#### YOUR ASSIGNMENT
Quote exactly and only this range of lines in the data below: the line that holds "Houses and Beata" to the line that holds "Secret Key Lemon sparkling peeling pad", both included.

#### STUDY MATERIAL

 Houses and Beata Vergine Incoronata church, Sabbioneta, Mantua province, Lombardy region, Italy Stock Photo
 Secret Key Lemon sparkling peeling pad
==
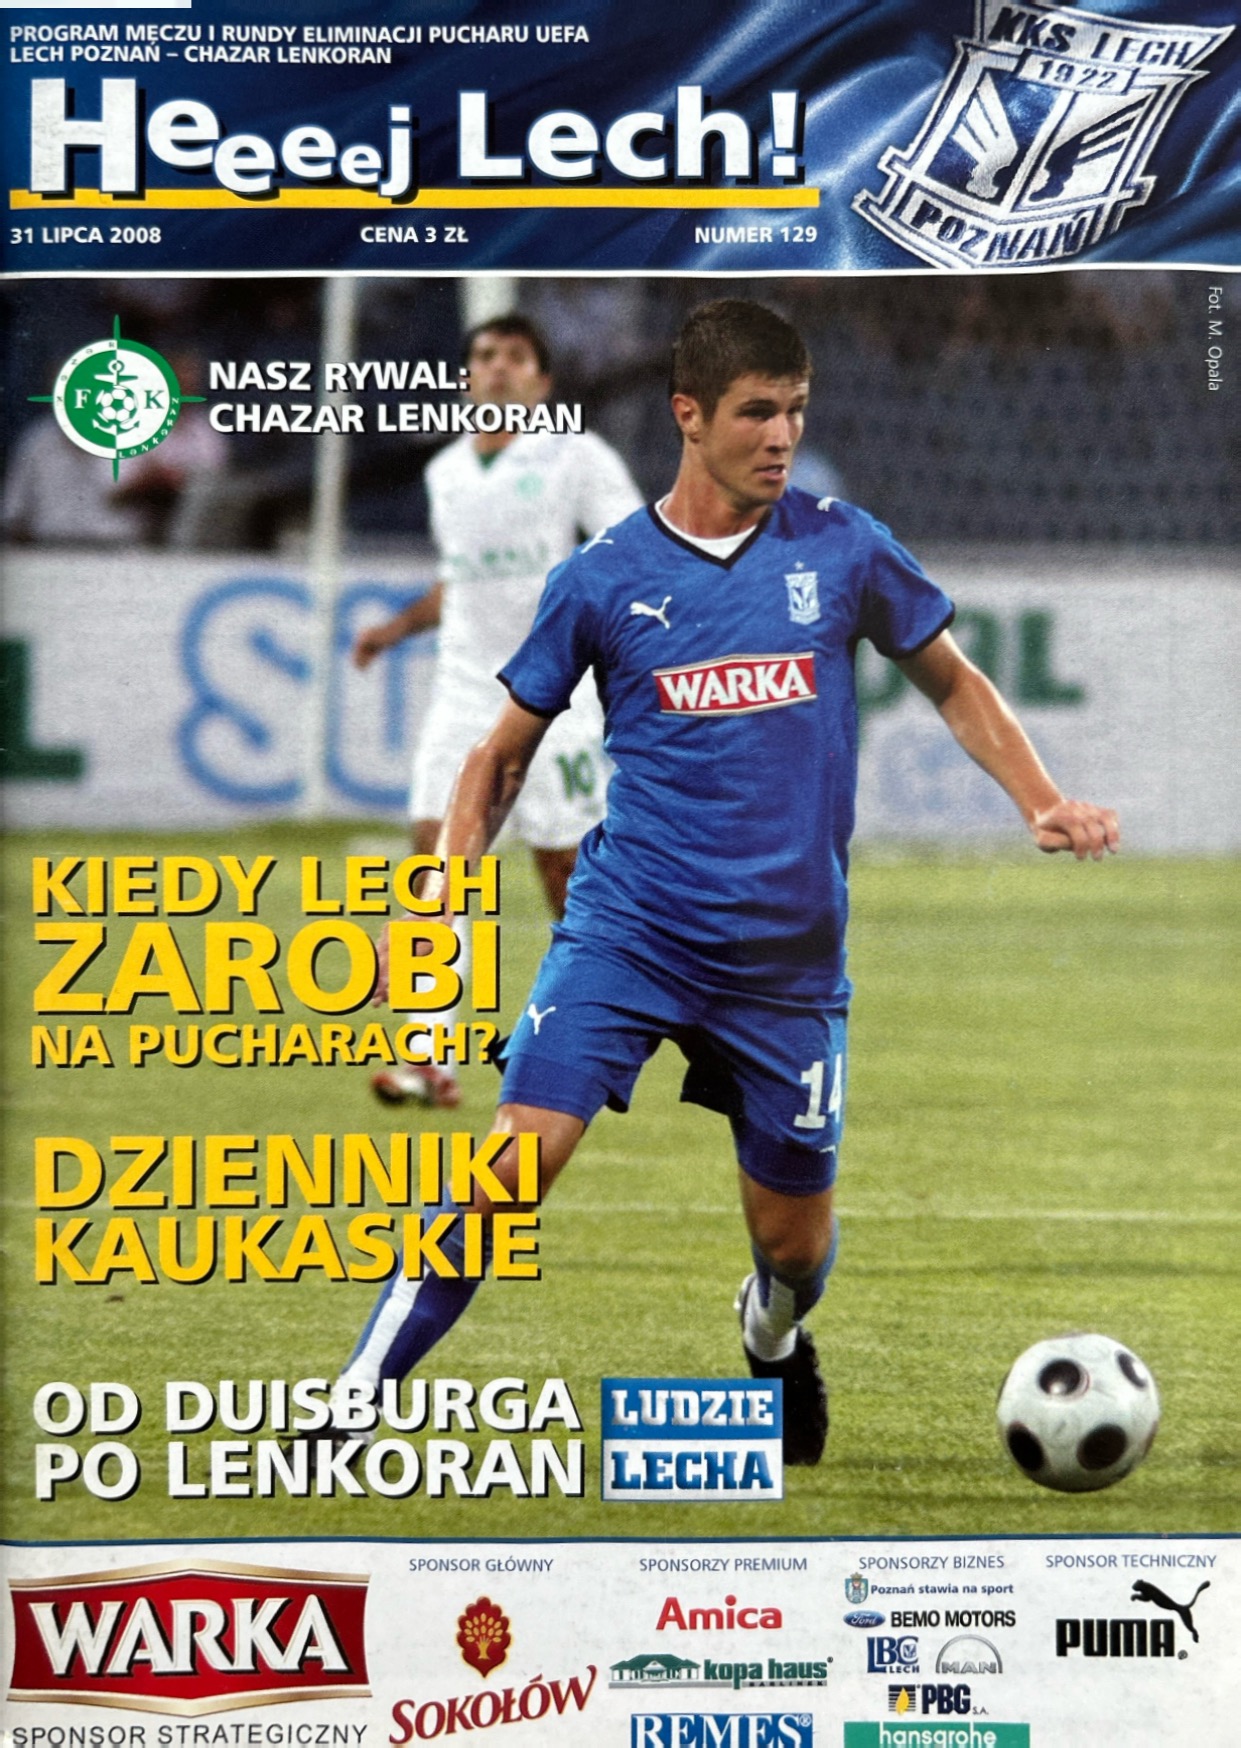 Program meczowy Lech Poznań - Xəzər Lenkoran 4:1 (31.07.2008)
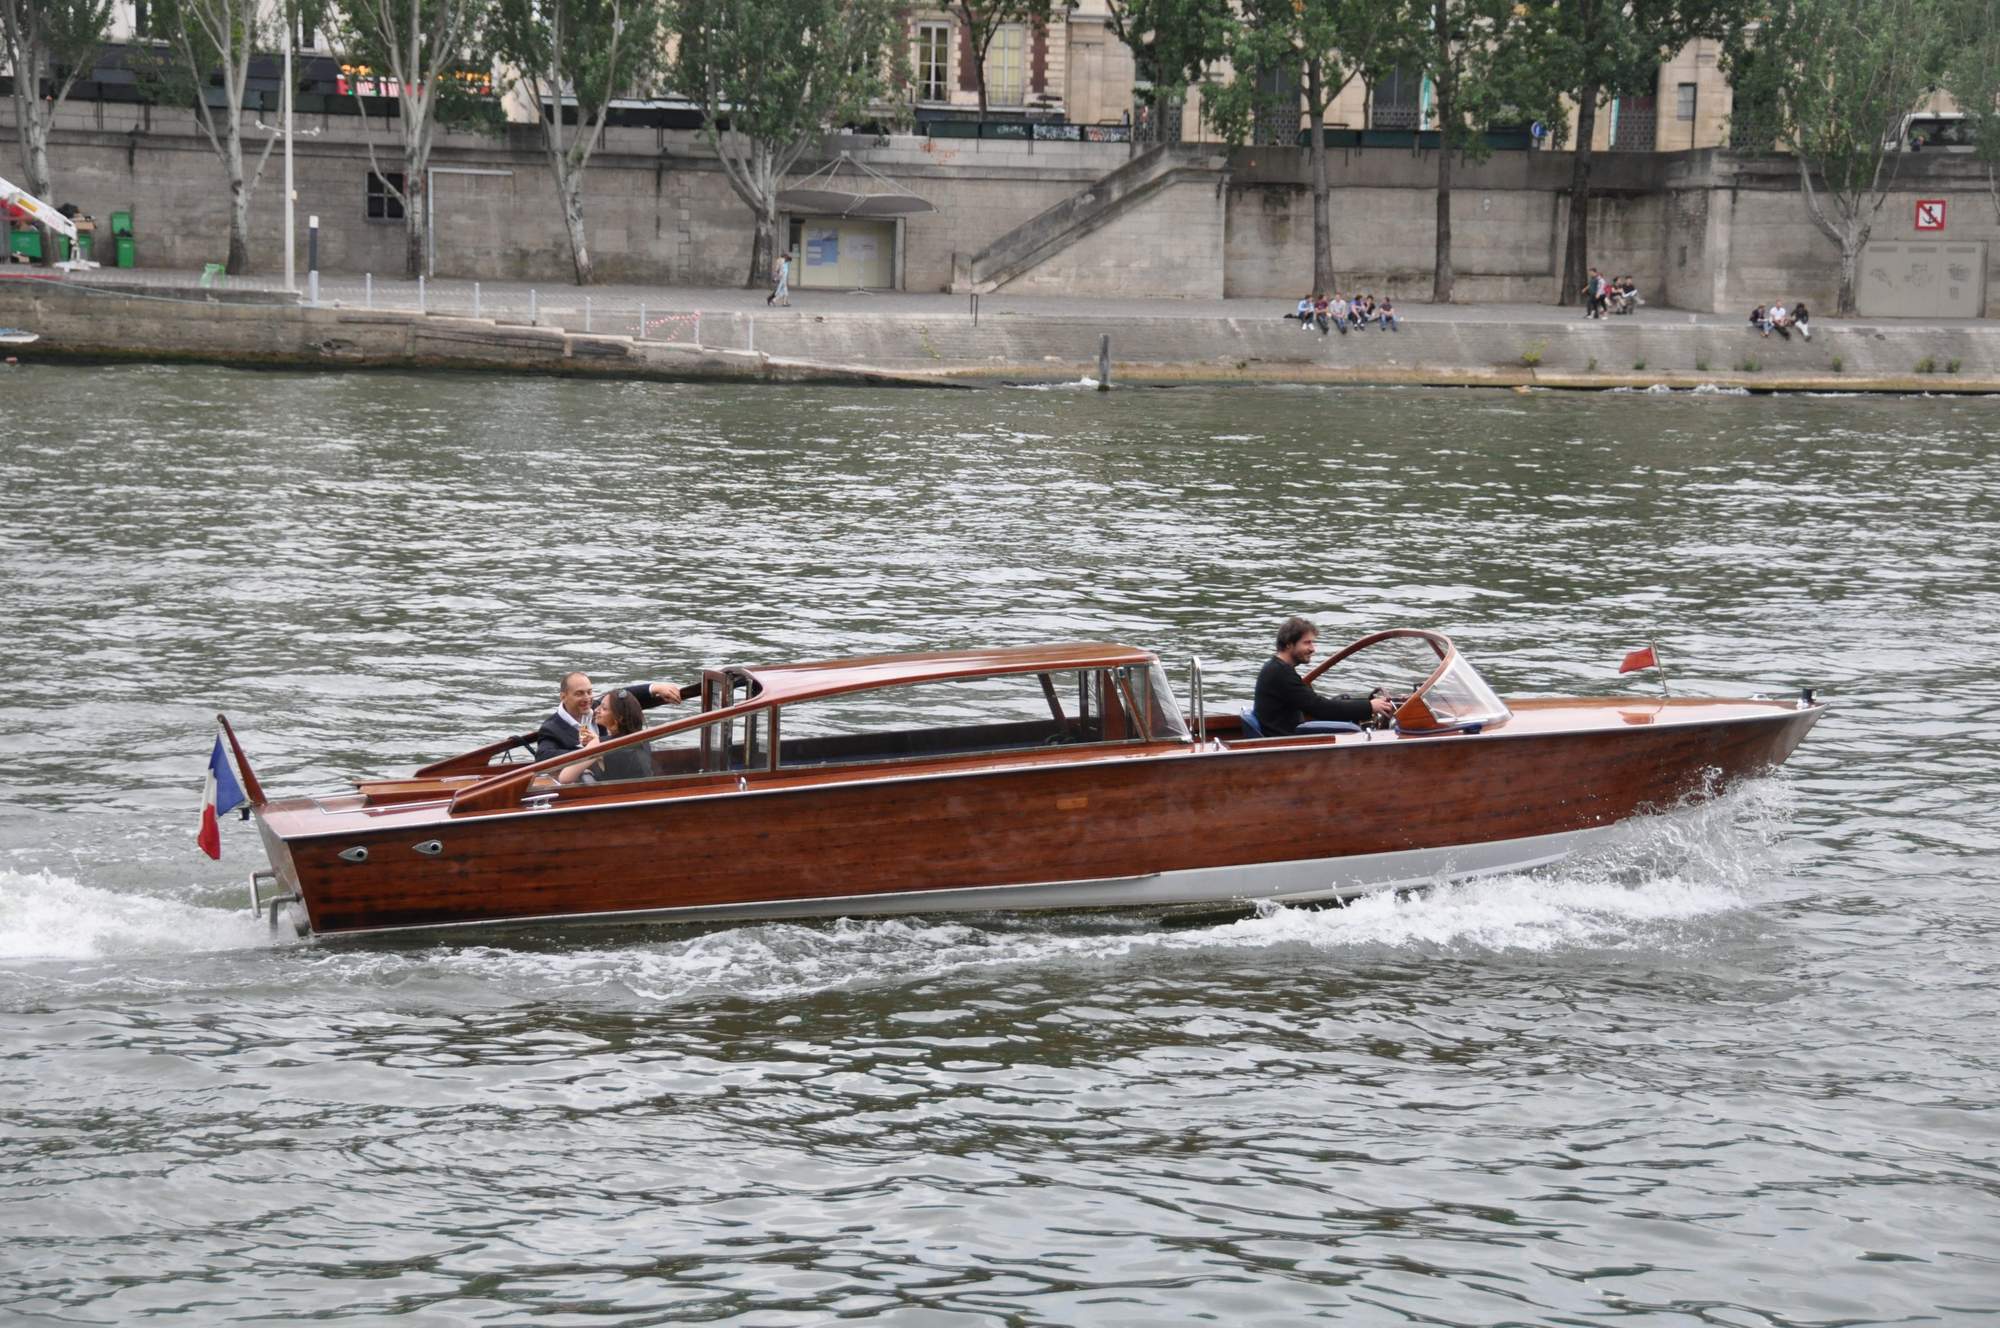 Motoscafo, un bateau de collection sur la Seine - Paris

#### EXPECTED ANSWER
 Houses and Beata Vergine Incoronata church, Sabbioneta, Mantua province, Lombardy region, Italy Stock Photo
 Secret Key Lemon sparkling peeling pad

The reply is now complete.